*YOUR INSTRUCTIONS*. Transcribe exactly everything in the data below from the line containing "Ahley Bathroom Vanity" down to the line containing "Stunning maple river", both lines included and nothing further.

*PROVIDED ENTRIES*.
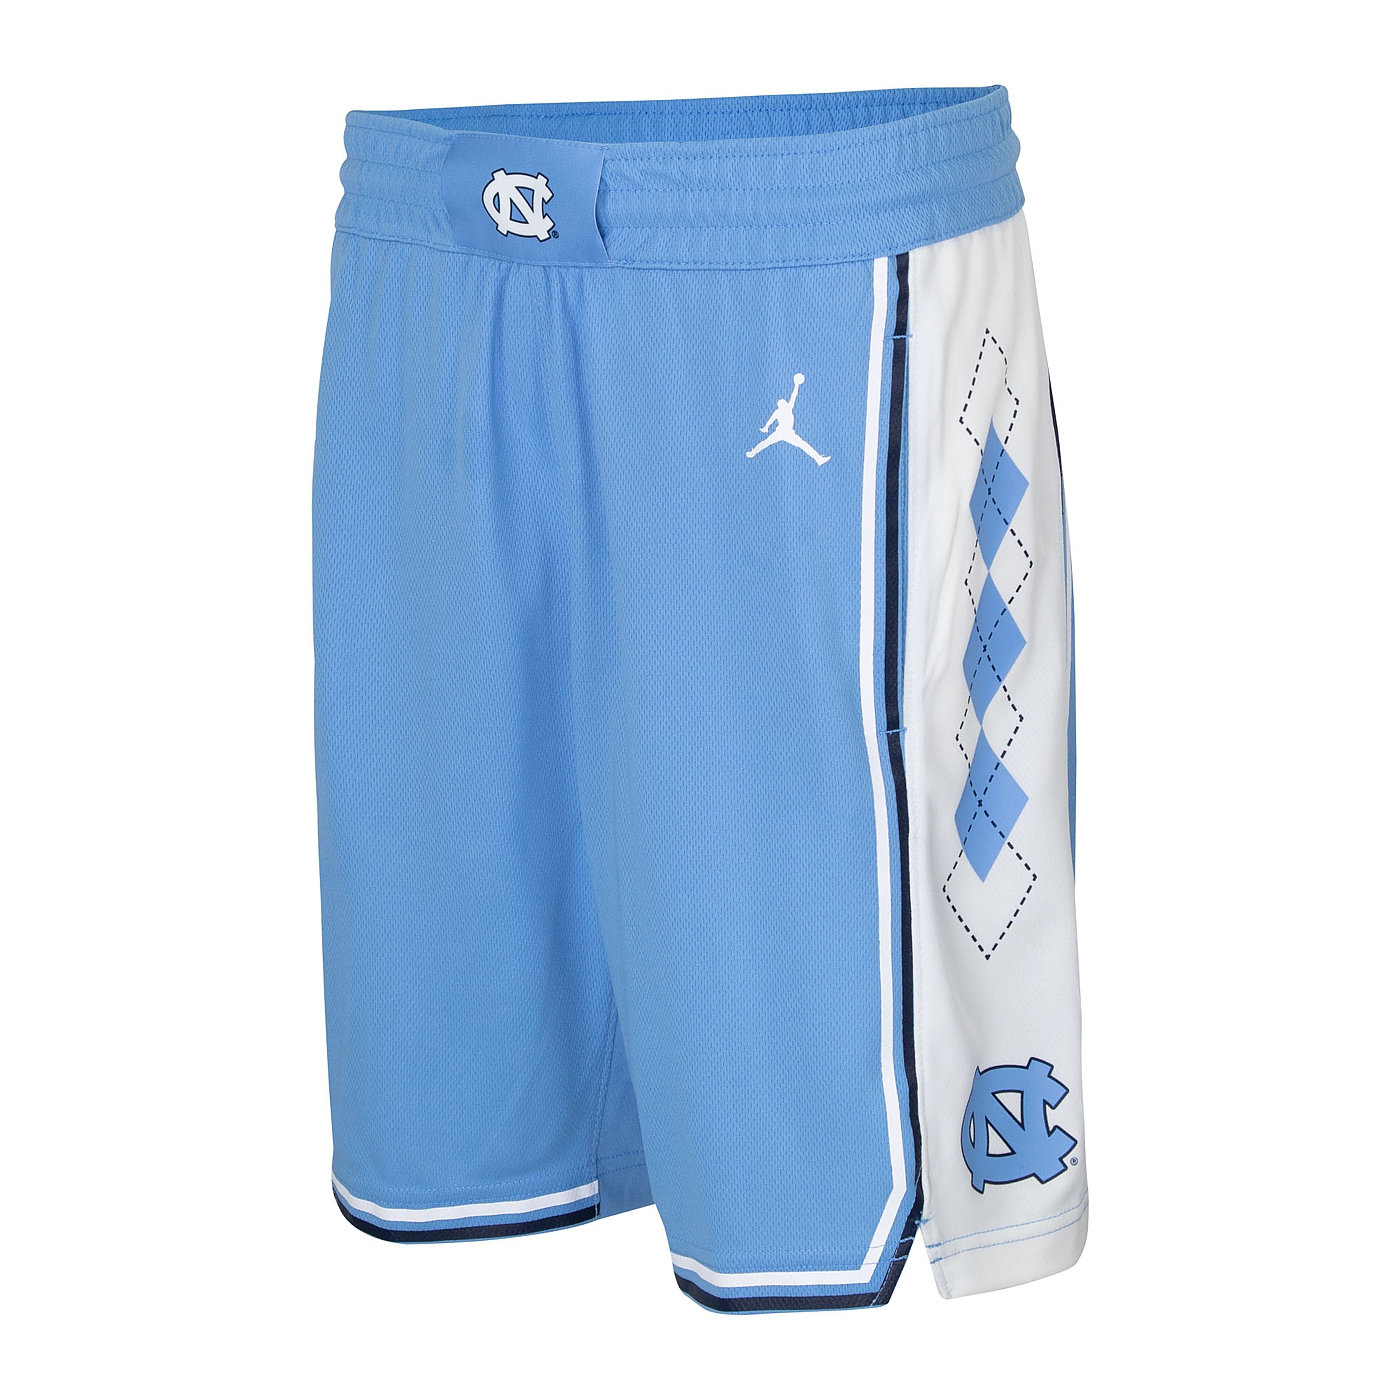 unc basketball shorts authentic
==
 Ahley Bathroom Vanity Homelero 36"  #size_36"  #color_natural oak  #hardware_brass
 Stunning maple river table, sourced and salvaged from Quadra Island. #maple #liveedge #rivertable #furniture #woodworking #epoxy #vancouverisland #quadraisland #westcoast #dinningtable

*TASK RESULT*.
 Ahley Bathroom Vanity Homelero 36"  #size_36"  #color_natural oak  #hardware_brass
 Stunning maple river table, sourced and salvaged from Quadra Island. #maple #liveedge #rivertable #furniture #woodworking #epoxy #vancouverisland #quadraisland #westcoast #dinningtable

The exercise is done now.